In 1975, the report found, 13 percent of seniors were non-white, compared with 25 percent of youth. Throughout the next four decades, overall diversity increased, but the shift occurred much more rapidly among youth. By 2015, 22 percent of seniors were people of color, compared with 49 percent of youth.
The problem with this widening gap, said Manuel Pastor, PhD, study co-author and professor of Sociology and American Studies & Ethnicity at the University of Southern California, is that it creates “a polarization that stems from the older generation looking at the younger generation and not seeing itself.” (Pastor is a past speaker from The Trust’s Health Equity Learning Series.)
This disconnect impacts public policy, and a prominent social determinant of health: counties with a higher racial generation gap tend to spend less on K-12 education on a per-capita basis.

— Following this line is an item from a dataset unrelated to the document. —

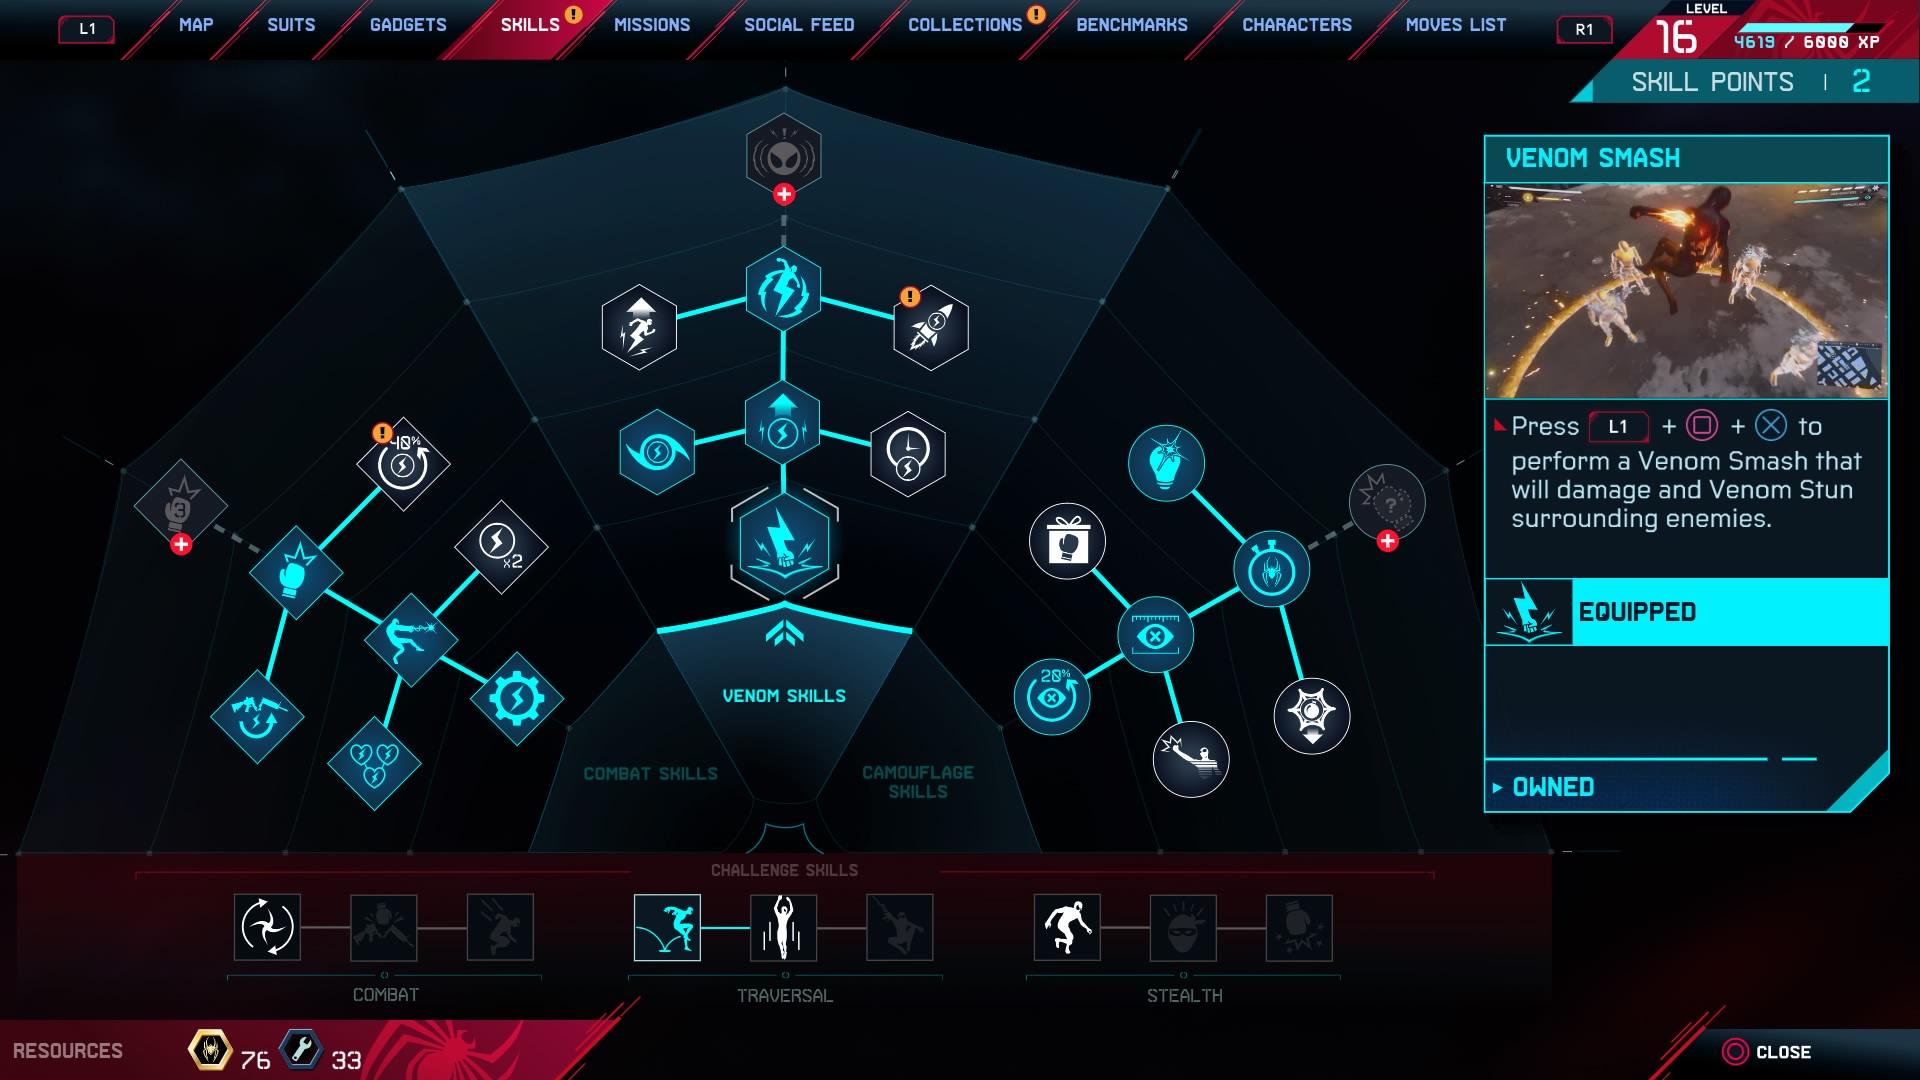 Marvel's Spider-Man: Miles Morales - Skills

But the gap doesn’t just impact education, said Pastor. It translates into an attitude of “the older generation wanting to lift up the drawbridges just as a new generation is arriving,” he said, citing the fact that nationally, there is “plenty of commitment to Medicare and Social Security protection, but not as much for education and health care for the young.”
As the future of the country depends on the vitality and productivity of the young labor force, Pastor added, the gap is “very worrisome.”
“If we don’t deal with this issue quickly, the fraction and polarization that has increasingly defined the U.S. will just grow,” he said. “It’s pretty clear that is leading to dysfunction. We’ve avoided it, and I hope that changes.”
For both the racial generation gap and the racial wealth divide, solutions begin with both recognition and discussion of the issues.
“We’re very uncomfortable talking about race in the U.S.,” said Pastor. “Some people believe that the way you tackle racial difference is to not talk about it, but focus on common issues and work together to forget this stuff.”
But a more helpful approach, he said, is to “lift up the dimensions of race and age.” This means helping older Americans to “think more carefully about who we are together,” while also encouraging the younger generation to “consider the dimensions of age when thinking about racial hostility and how to deal with it.”
Beyond that, it’s a matter of altering public policy. Pastor and co-authors of the racial generation gap report recommend linking together public policies to foster more intergenerational contact, like creating better working conditions for the younger, oftentimes immigrant workers who care for the elderly; or developing school-based programs in which older community members mentor students on professional skill-building. They also see promise in implementing school funding policies at the state level that better target those who need assistance.
To combat the racial wealth divide, Prosperity Now urges lawmakers to shift the national tax code to benefit low-wealth families of color rather than subsidizing the already-haves. This could include reforming the mortgage interest deduction, expanding the federal estate tax and introducing net-worth taxes on multimillion dollar fortunes. (Admittedly, little of this appears likely in the current political climate; an ambitious tax reform plan now under debate in Congress would significantly cut taxes for the wealthy and corporations.)
“This isn’t insurmountable,” said Collins of the Institute for Policy Studies of the racial wealth divide. “The trajectory is a little bit scary, but we could quickly shift it.”